New issue

Have a question about this project? Sign up for a free GitHub account to open an issue and contact its maintainers and the community.

By clicking “Sign up for GitHub”, you agree to our terms of service and privacy statement. We’ll occasionally send you account related emails.

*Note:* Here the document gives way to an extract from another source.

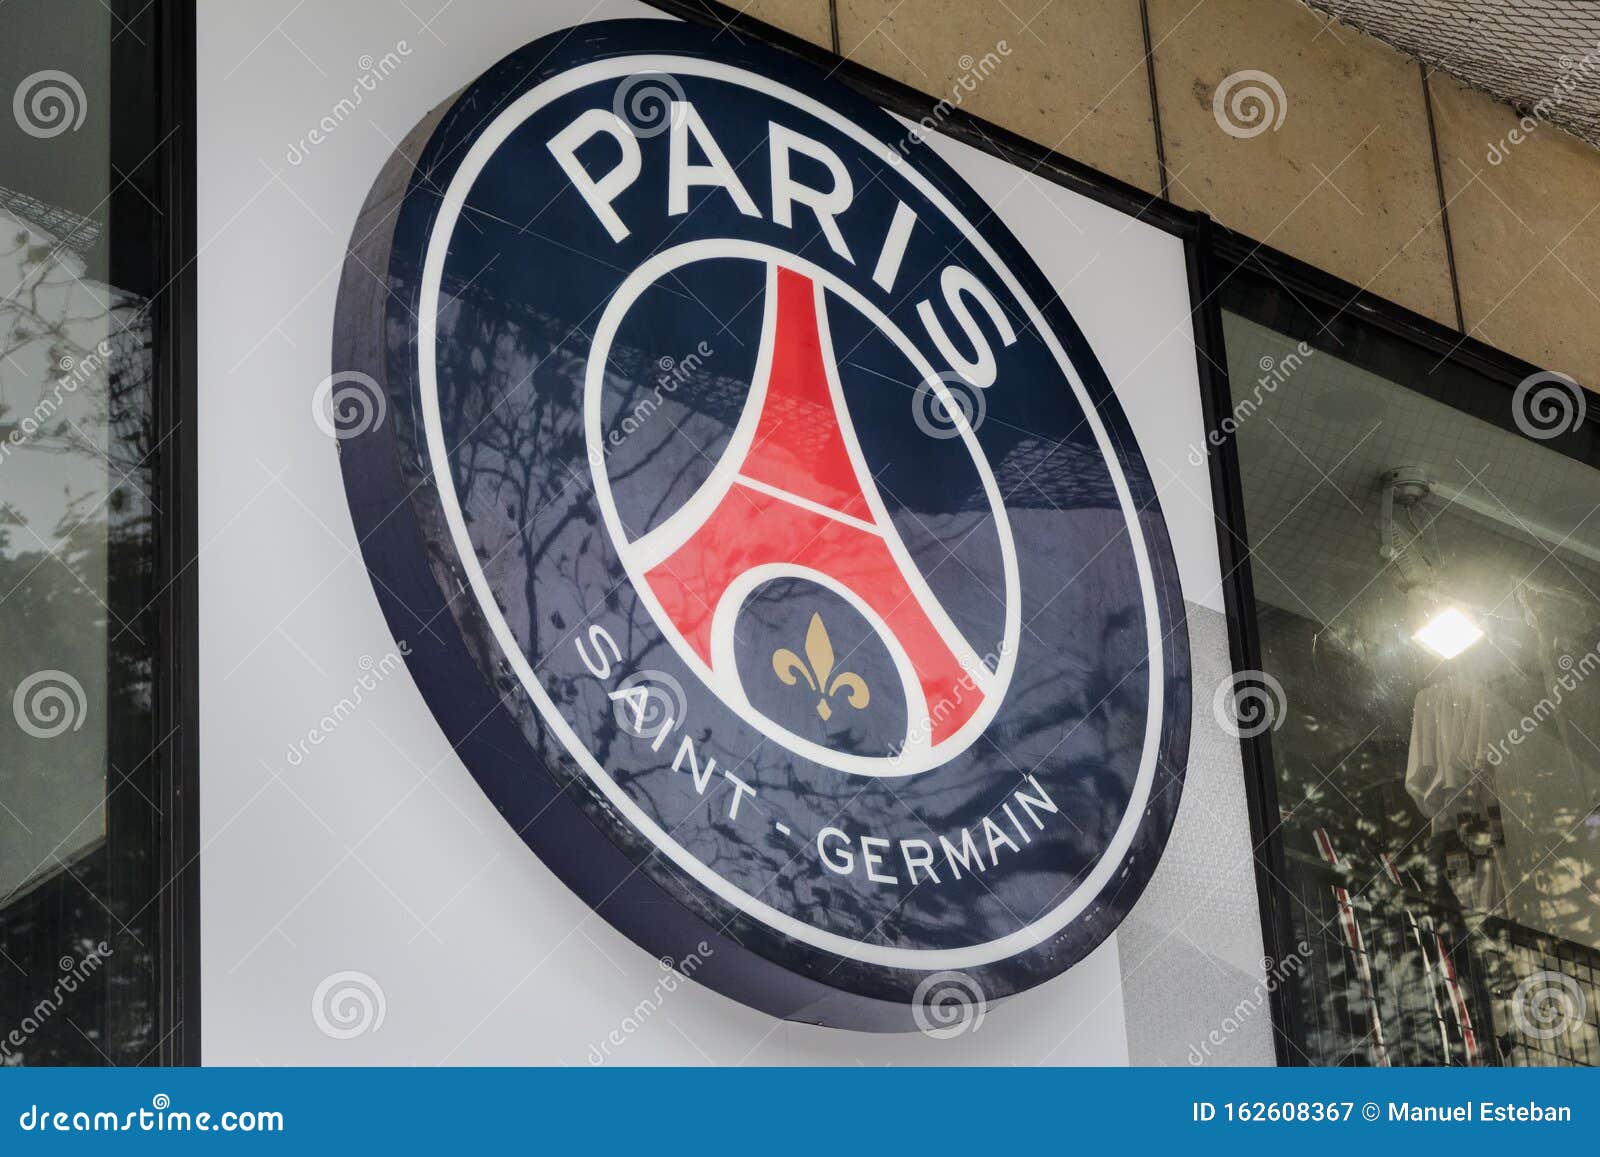 Paris Saint-Germain Logo on Saint-Germain Football Store Editorial Photography - Image of symbol, expensive: 162608367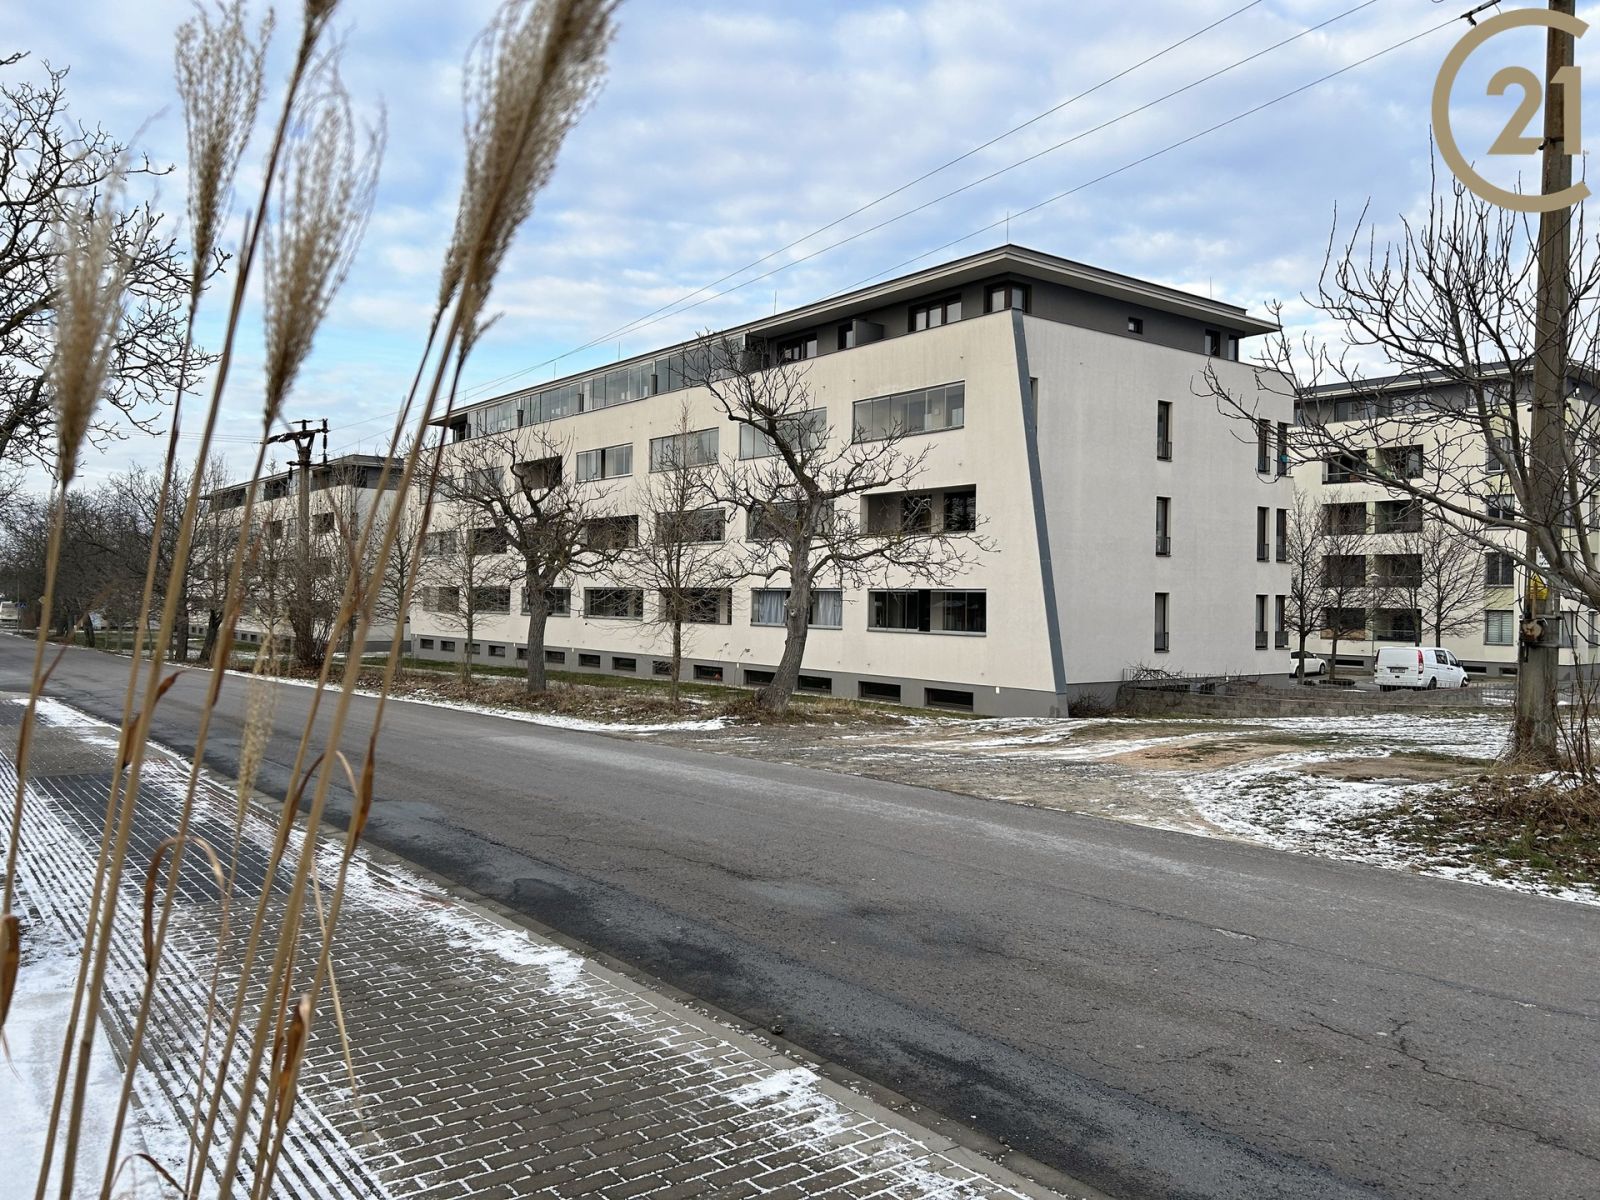 prodej pozemku výstavba bytových domů a smíšená výroba,  17000 m2, nedaleko centra Chrudimi, obrázek č. 1

Already on GitHub? Sign in to your account

runtime: floating point error panic #15234

Open
sirnewton01 opened this Issue Apr 11, 2016 · 14 comments

Comments

Projects
None yet
5 participants
@sirnewton01
Contributor

sirnewton01 commented Apr 11, 2016

  1. What version of Go are you using (go version)?
    1.5.3
  2. What operating system and processor architecture are you using (go env)?
    plan9/386
  3. What did you do?
    I am building go 1.5.3 on plan9 (latest 9front) 386 bootstrapping it from a build of go 1.4 on the system. I set the GOROOT_BOOTSTRAP variable and run the make.rc script.
  4. What did you expect to see?
    I expected that the bootstrapping process would allow me to build go 1.5.3.
  5. What did you see instead?
    Part way through building go 1.5 there are floating point error panics thrown that stop the build. I see a virtually identical stack as mentioned in this email thread:
    https://www.mail-archive.com/9fans@9fans.net/msg34991.html

Here are the results of my initial investigation so far:

I temporarily worked around that particular problem by changing the code and ran into another floating point error later on in the build process.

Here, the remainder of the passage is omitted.